SaraLynch

Sara Lynch's practice focuses on data privacy, cybersecurity, risk management, and internal investigations. She works with clients across industry sectors, counseling them on a range of issues and obligations under state, federal, and international consumer privacy statutes and regulations, including the California Consumer Privacy Act (CCPA), the Children's Online Privacy Protection Act (COPPA), the Health Insurance Portability and Accountability Act (HIPAA), and the General Data Protection Regulation (GDPR). Sara further assists clients in their compliance with voluntary data protection standards and certifications, such as the Service Organization Controls (SOC), the National Institute of Standards and Technology (NIST) Frameworks, and the Federal Risk and Authorization Management Program (FedRAMP). Sara also advises buyers and sellers in corporate transactions involving cybersecurity, data privacy, and intellectual property matters.

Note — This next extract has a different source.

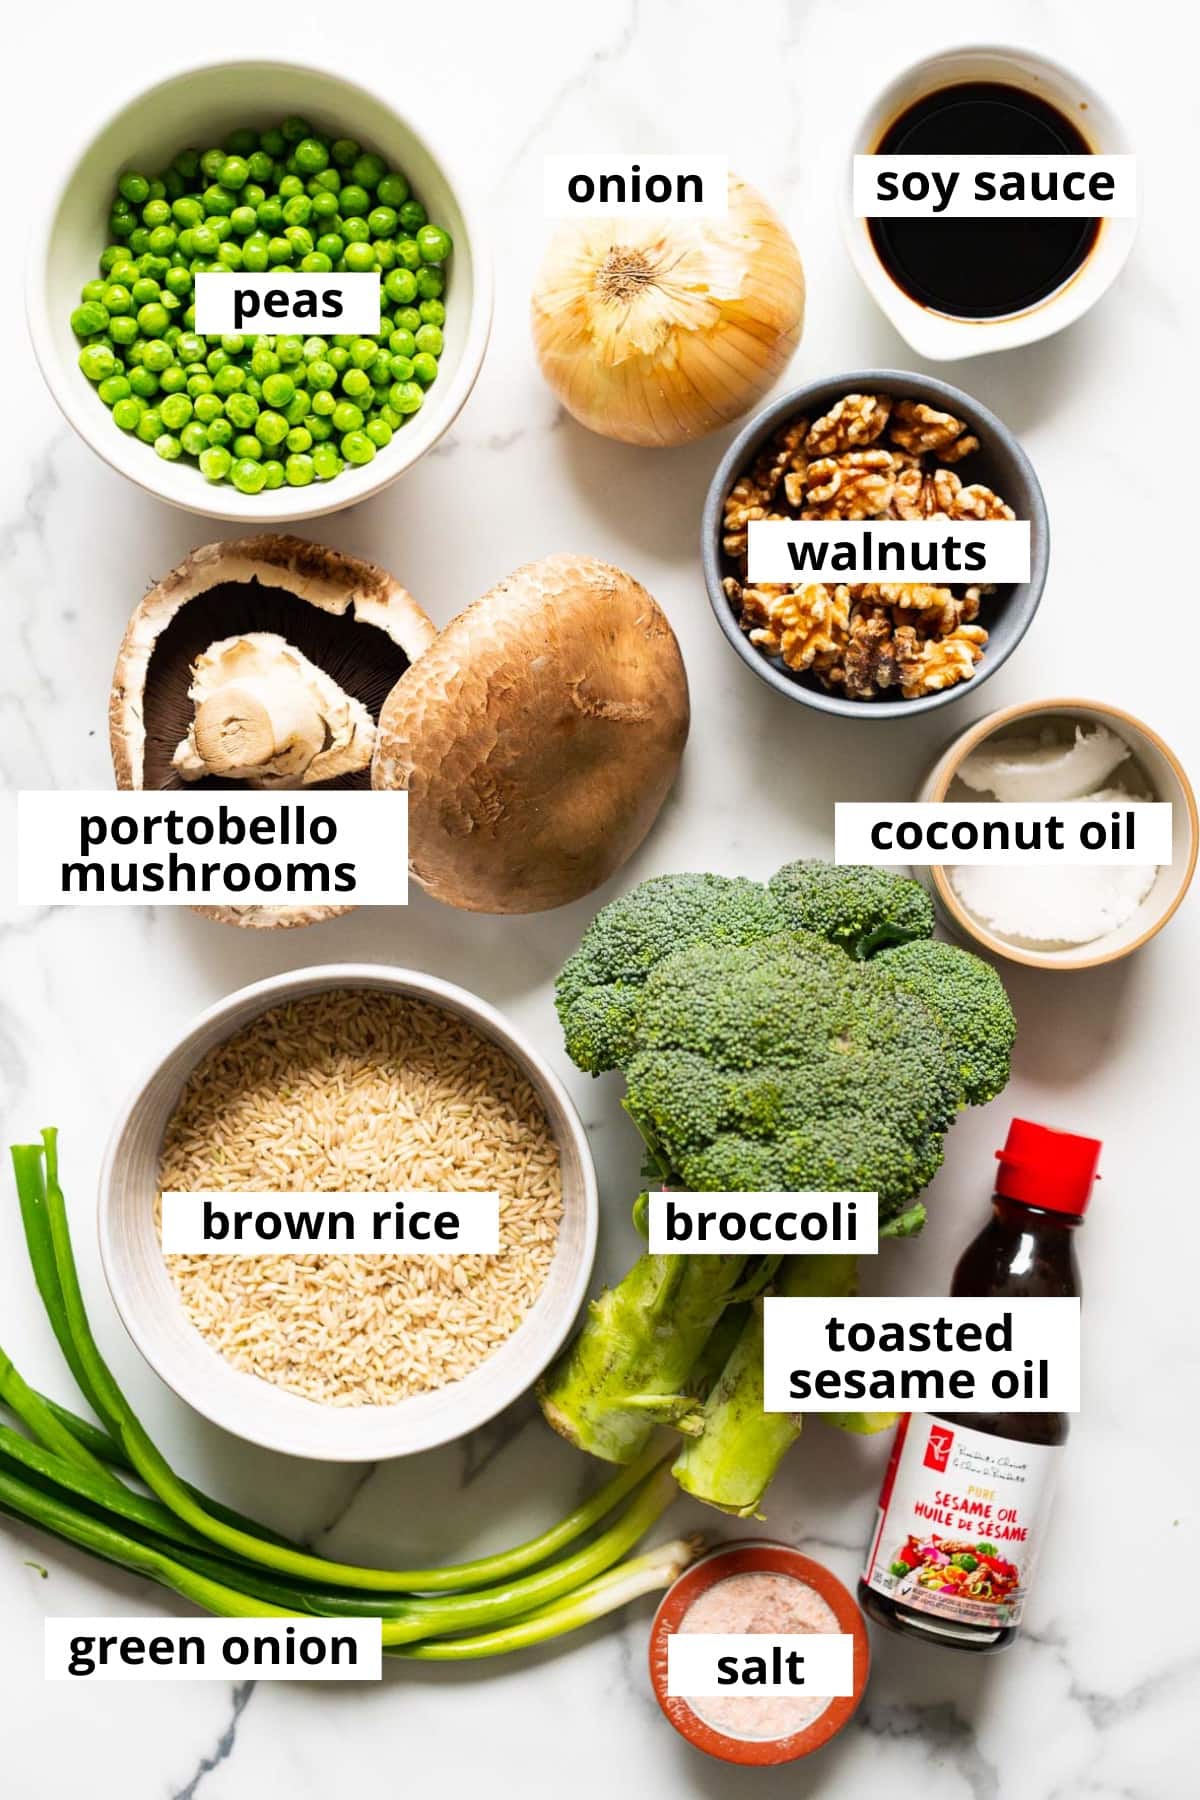 Peas, onion, soy sauce, walnuts, portobello mushrooms, coconut oil, broccoli, brown rice, toasted sesame oil, green onion, salt.

Sara has experience in all aspects of breach response, including forensic investigations, analyses of applicable regulations, notification of individuals and regulators, and remediation. She has assisted multinational clients in the health care, enterprise software, automotive, and other industries respond to and recover from malware attacks.

Sara maintains an active pro bono practice, in which she develops privacy policies, terms of use, cookie notices, and licensing agreements for nonprofit organizations' websites, applications, and programs. She also assists with the Firm's human trafficking initiative and advises health care providers on the legal requirements for reporting and education when treating victims of human trafficking.